RAI 3.0.3.3.4-1 LRA Table B-2 identifies AMP B.1.18, Inservice Inspection Program, as a plant-specific condition monitoring program for the applications. The staff notes that Entergy has committed to enhance the detection of aging effects program element of the Inservice Inspection Program to revise the AMP to provide for periodic visual inspections of lubrite sliding supports used in the steam generator supports and reactor coolant pump (RCP) supports in order to confirm the absence of aging effects. Please specify (1) which aging effects and parameters will be monitored for by the visual examinations, (2) the types of visual examinations (e.g., VT-1, EVT-1, VT-2, or VT-3), (3) inspection frequency and sample size for the visual examination method that will be used to monitor for aging, (4) the acceptance criteria that will be used to evaluate the examination results, and (5) the corrective action or actions that will be implemented if the inspection results do not conform to the acceptance standard(s) for these components.

RAI 3.0.3.3.4-2 The staff notes that the corrective actions program element for AMP B.1.18, Inservice Inspection Program, credits only the corrective actions in the ASME Code Section XI, Articles IWA-4000 and IWA-7000 as the corrective action criteria for the program. The ASME Code Section XI editions of record for IP units are the 2001 Edition of the ASME Code Section XI inclusive of the 2003 Addenda for IP2 and the 1989 Edition of the ASME Code Section XI, with no addenda for IP3. The staff noted that Entergy did not credit component-specific corrective action criteria in ASME Section XI, Article IWB-4000/7000 for Class 1 components, Article IWC-4000/7000 for Class 2 components, Article IWD-4000/7000 Class 3 components, or Article IWF-

4000/7000 for ASME Code Class component supports as being within the scope of the corrective action program element for this AMP. Clarify whether the content of the corrective actions program element was intended to mean that Entergy will implement the corrective action provisions in the ASME Code Section XI, Subsections IWA, IWB, IWC, IWD, and IWF that are applicable to the component Code Class in the applicable ASME Code Section XI edition of record.

RAI 3.0.3.3.7-1 LRA Table B-2 identifies AMP B.1.29, Periodic Surveillance and Preventative Maintenance Program, as an existing, plant-specific condition monitoring program for the LRA. NUREG-1800, Revision 1, Standard Review Plan for Review of License Renewal Applications for Nuclear Power Plants (SRP-LR), Appendix A, Section A.1.2.2 states that aging management programs for license renewal applications (LRAs) are to be defined in terms of the 10 program elements that are provided in Table A-1 of the same appendix.

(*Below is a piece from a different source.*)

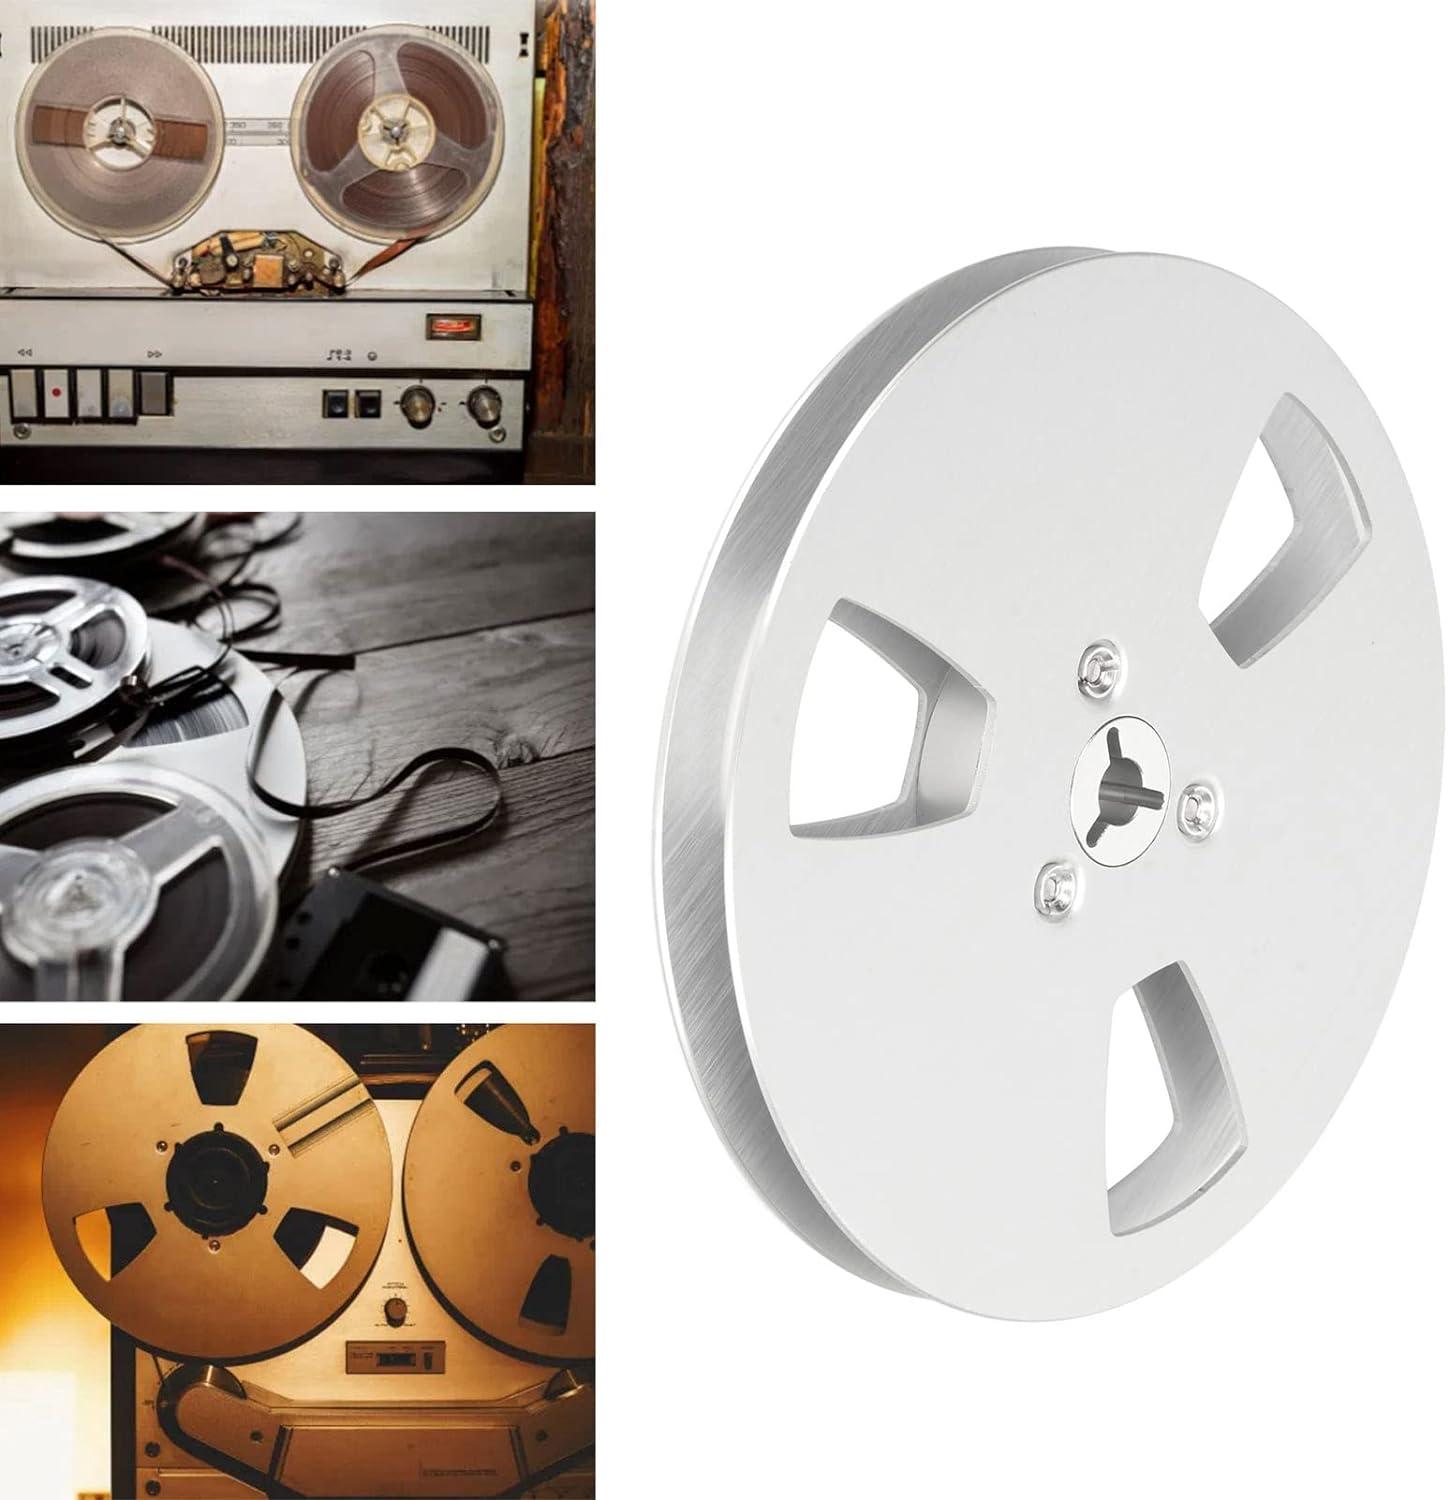 Metal Takeup Reel Opening Machine Parts 3 Hole 1/4 7 Inch Empty Reel for  Reel To Reel Tape Recorder

The staff notes that the applicant plans to enhance the scope of program, parameters monitored, detection of aging effects, and acceptance criteria program elements for this AMP to develop the program activities in the future (Commitment 21). Technical Specification (TS) 5.5.2 for IP2 and TS 5.5.2 for IP3 provide TS preventative maintenance and surveillance requirements.

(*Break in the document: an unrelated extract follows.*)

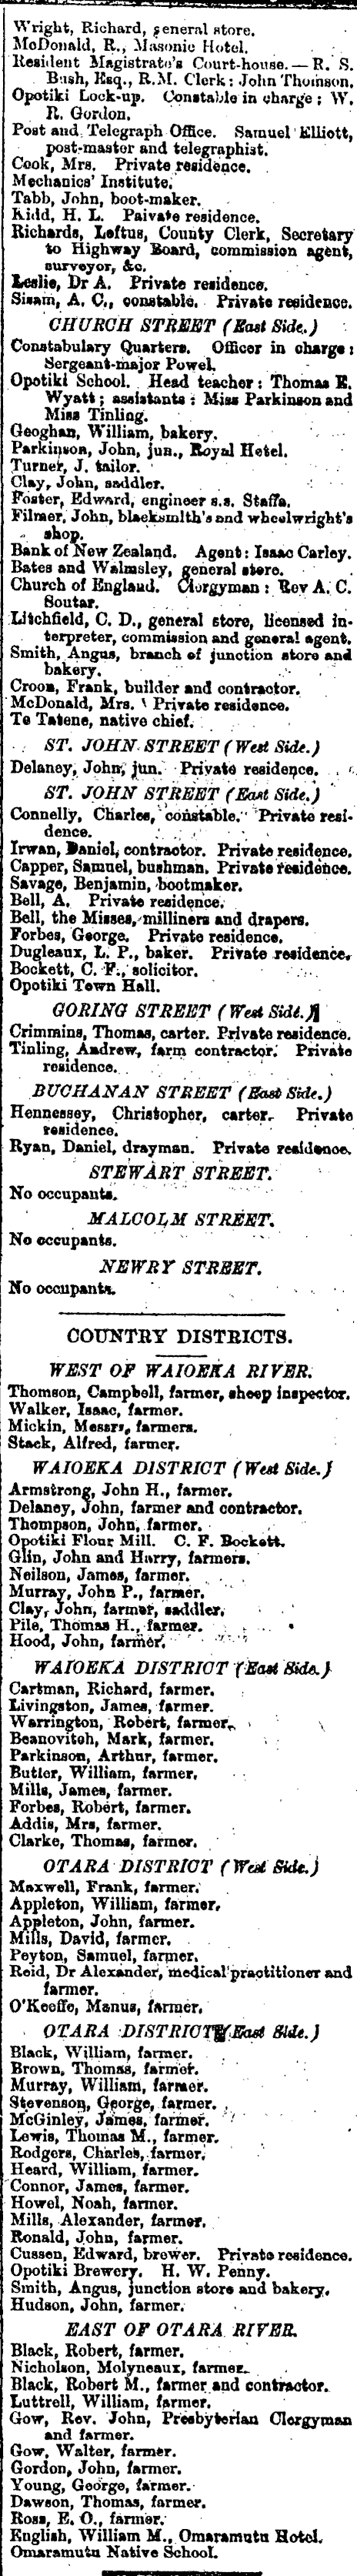 Papers Past, Newspapers, Bay of Plenty Times, 1 April 1880

1. The staff requests that Entergy supplement the scope of program program element to clearly identify the systems and components that are within the scope of this AMP.
2. The detection of aging effects program element did not clearly establish which type of non-visual NDE method (volumetric examination by UT, RT, or ET or surface examination by MT or PT) or visual method (i.e., EVT-1, VT-1, VT-2, or VT-3) would be credited for each of the aging effects that the program monitors for. In addition, it is not clear whether flexing of the elastomeric components in the circulating water system and emergency diesel generator exhaust system would be coupled to the visual examinations of the components, as it was proposed for other elastomeric components within the scope of the AMP.

The staff requests a more definitive discussion on the specific inspection methods (UT, RT, ET, EVT-1, VT-1, VT-2, or VT-3) to detect the parameters that are associated with the aging effects the AMP monitors for. The staff also requests that Entergy clarify whether physical manipulation (i.e., flexing) of the elastomeric components in the circulating water system and emergency diesel generator exhaust system are credited under the AMP.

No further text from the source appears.